**TASK INSTRUCTIONS**
Reproduce the listing exactly and skip over any pictures.

:: COLLECTED MATERIAL ::

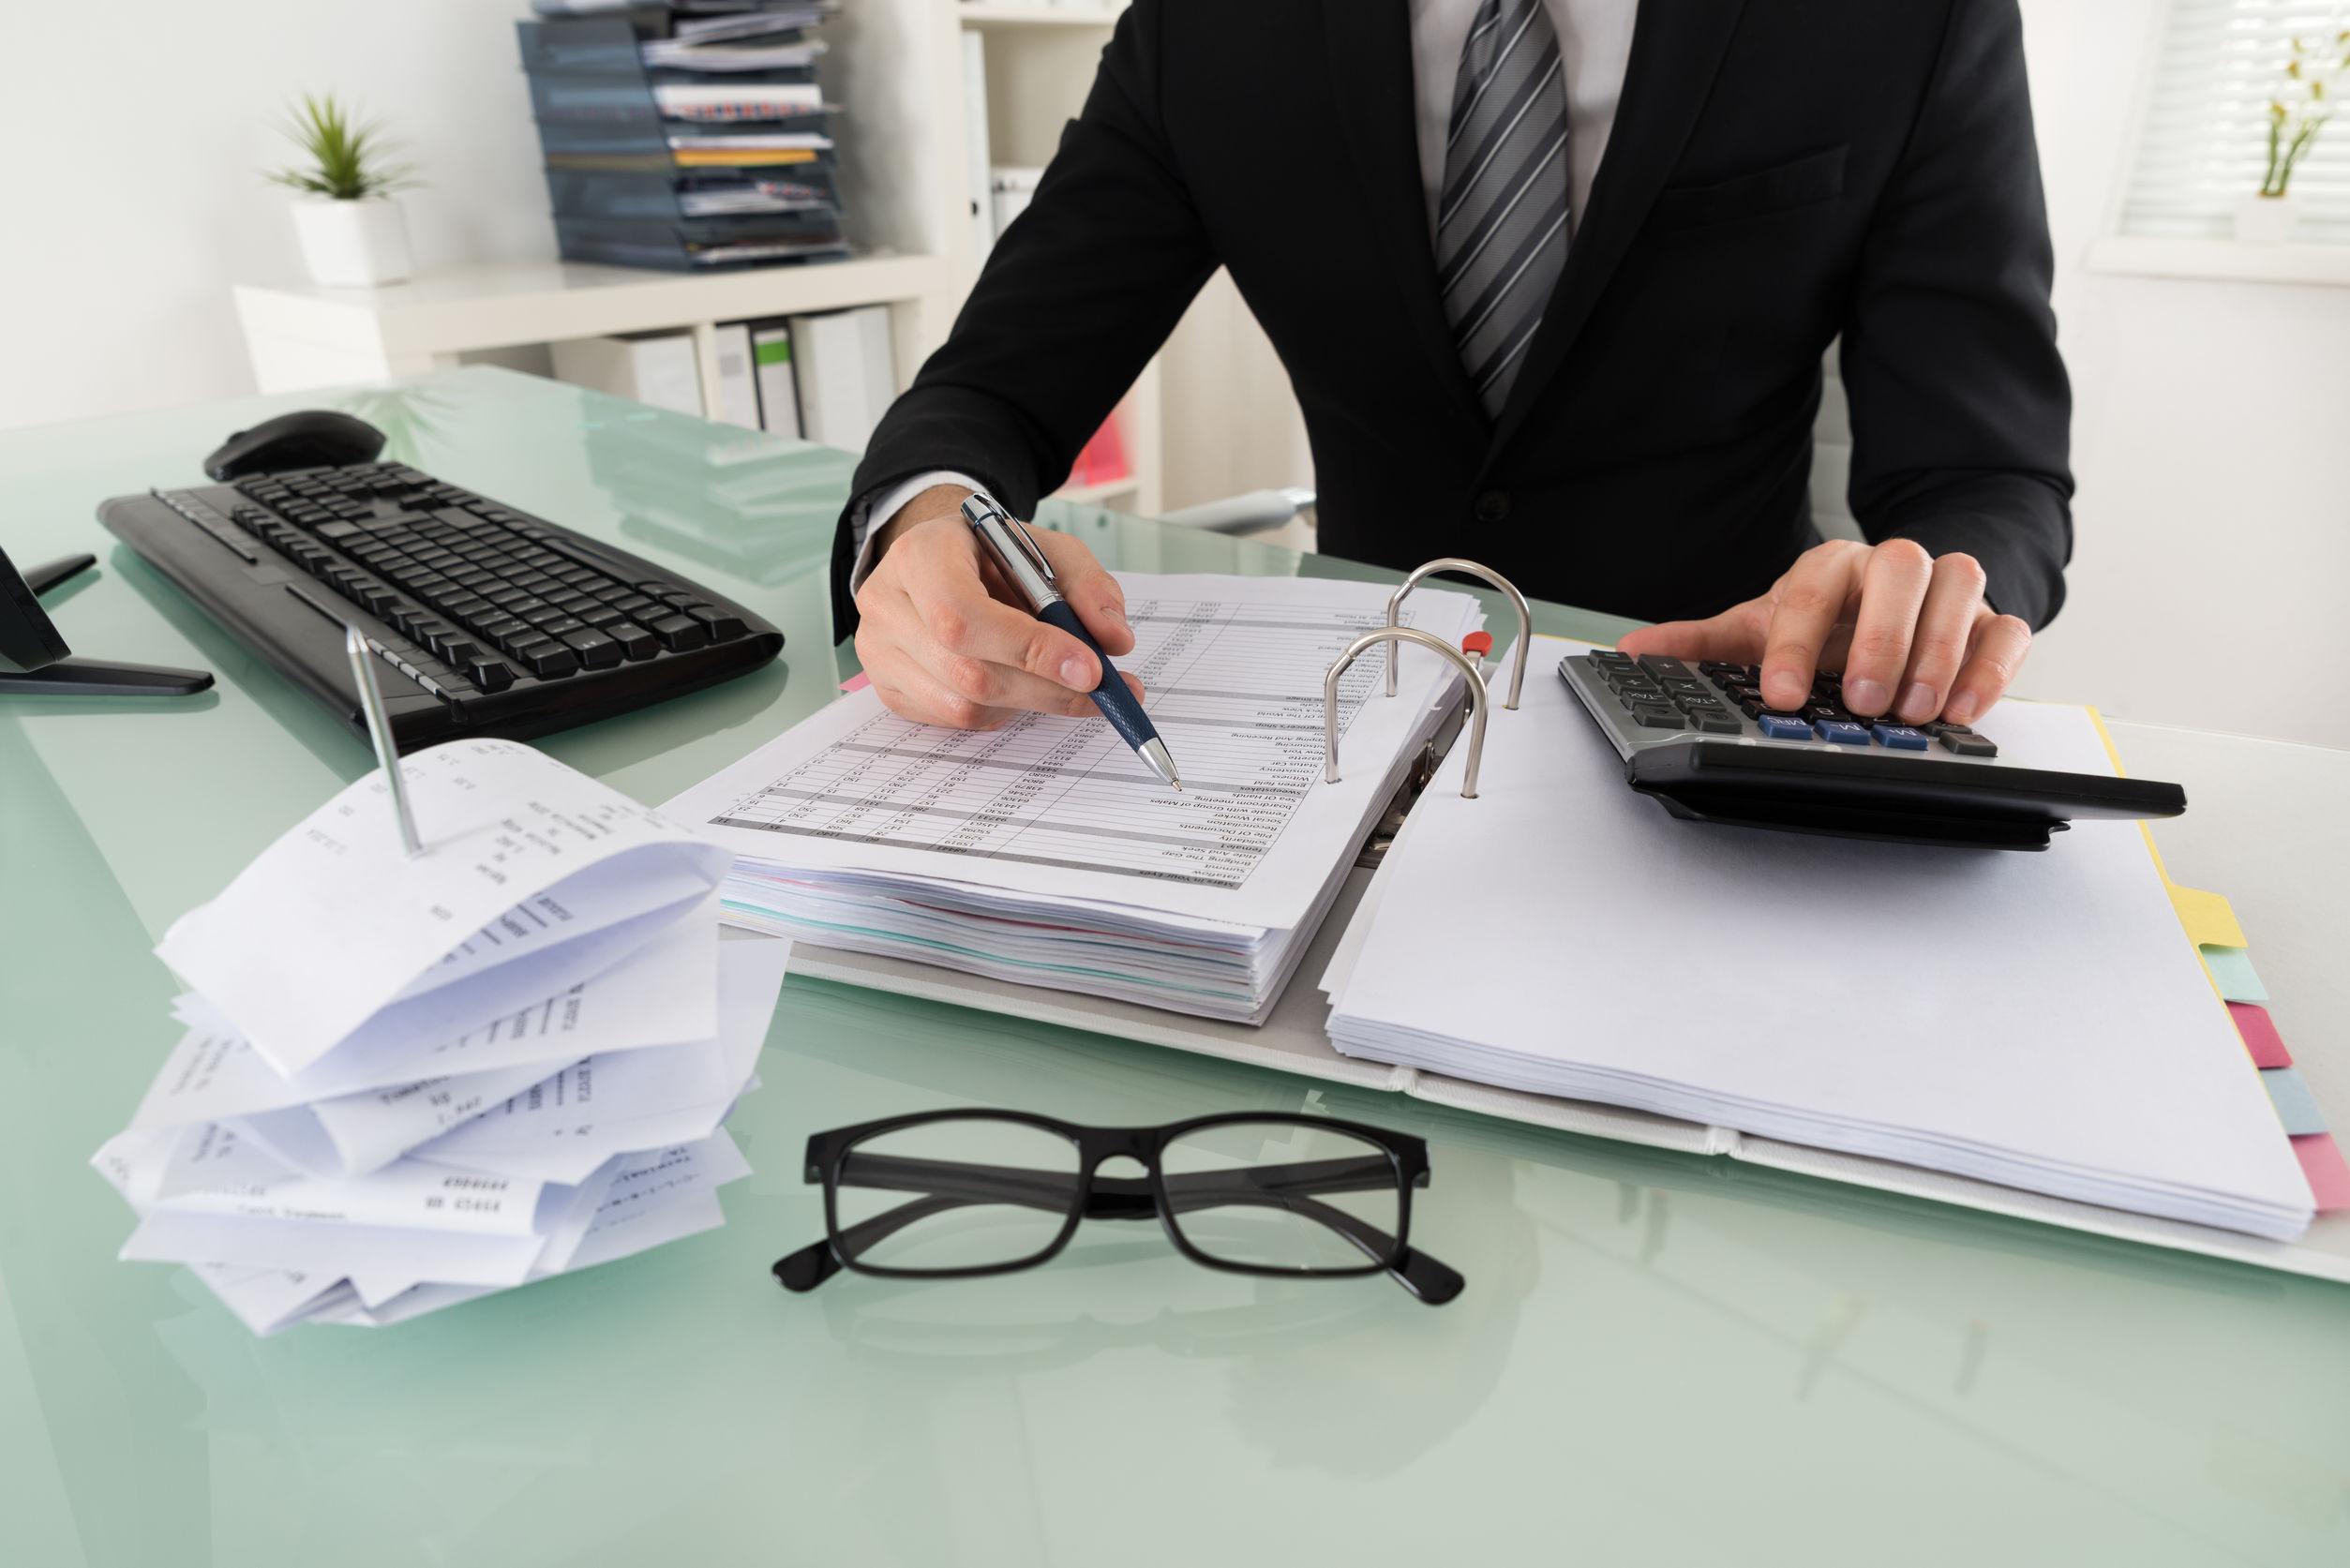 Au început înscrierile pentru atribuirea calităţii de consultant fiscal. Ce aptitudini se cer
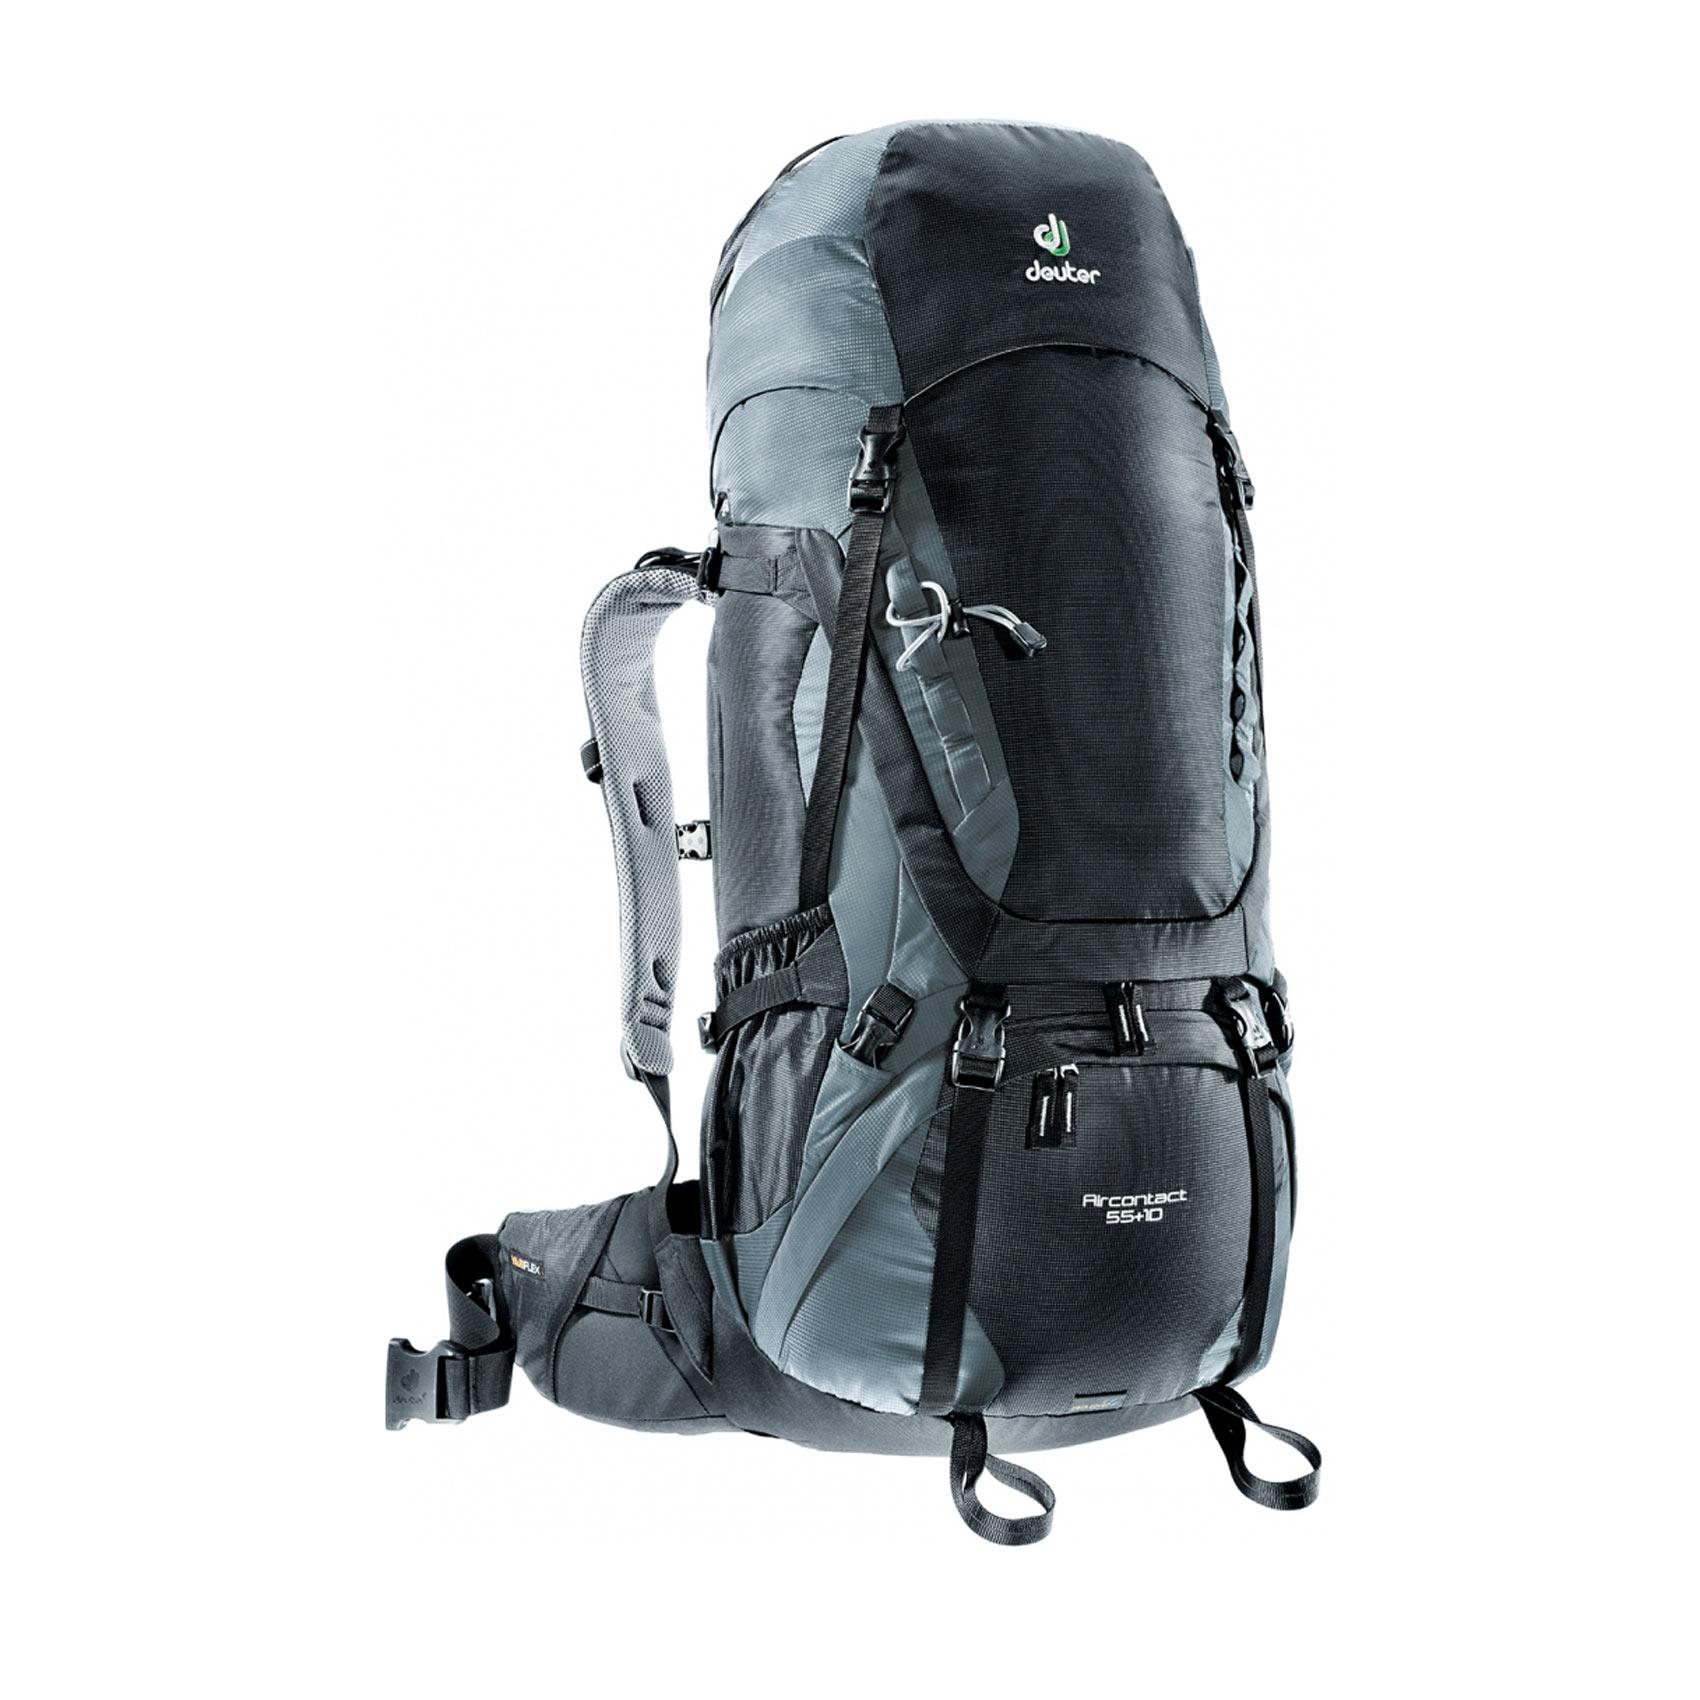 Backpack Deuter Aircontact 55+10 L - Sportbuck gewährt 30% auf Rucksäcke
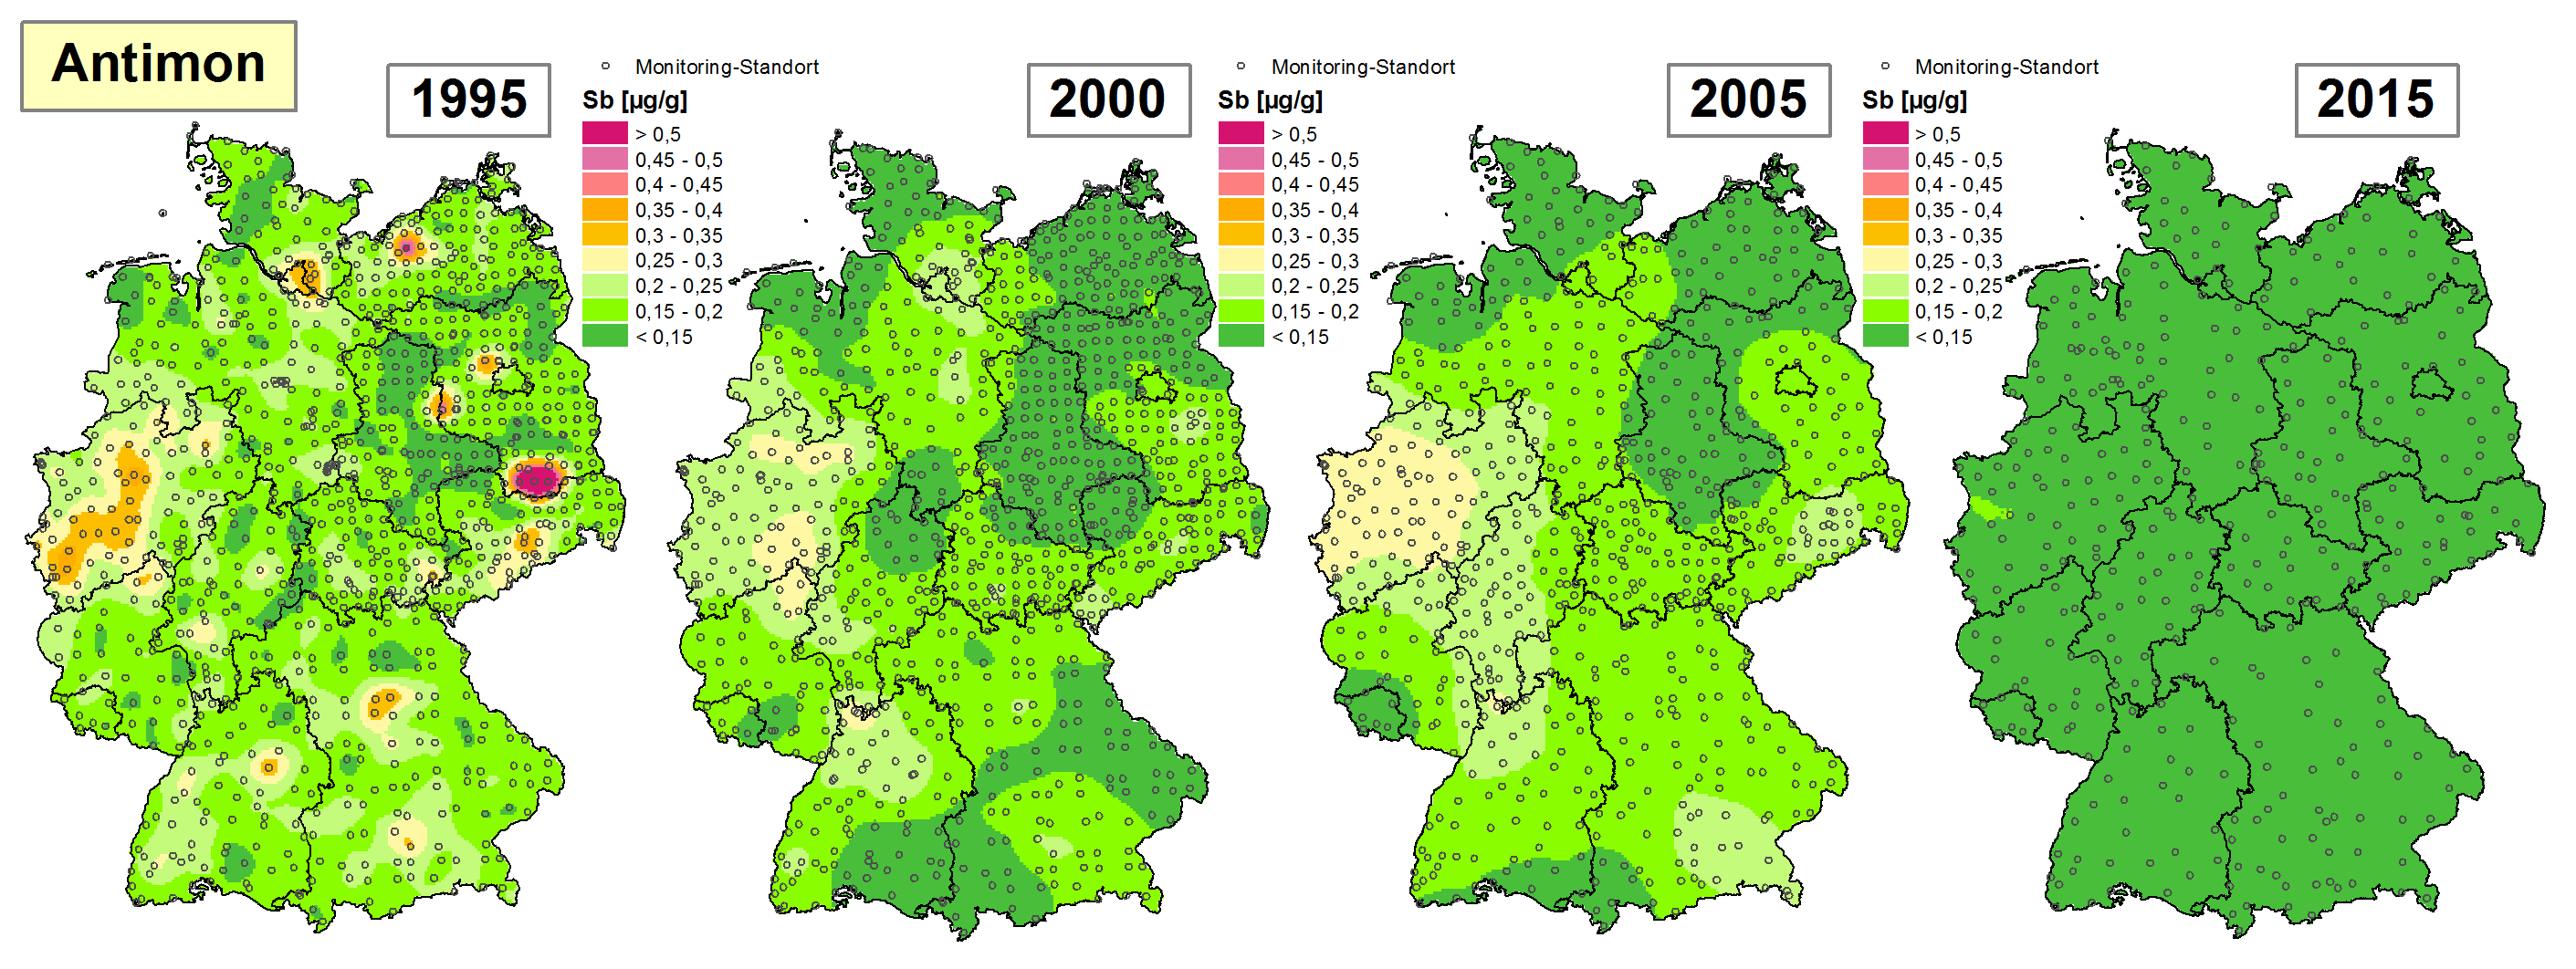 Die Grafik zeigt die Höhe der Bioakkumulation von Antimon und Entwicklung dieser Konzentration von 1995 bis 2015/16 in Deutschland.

:::

**RESULT**
 Au început înscrierile pentru atribuirea calităţii de consultant fiscal. Ce aptitudini se cer
 Backpack Deuter Aircontact 55+10 L - Sportbuck gewährt 30% auf Rucksäcke
 Die Grafik zeigt die Höhe der Bioakkumulation von Antimon und Entwicklung dieser Konzentration von 1995 bis 2015/16 in Deutschland.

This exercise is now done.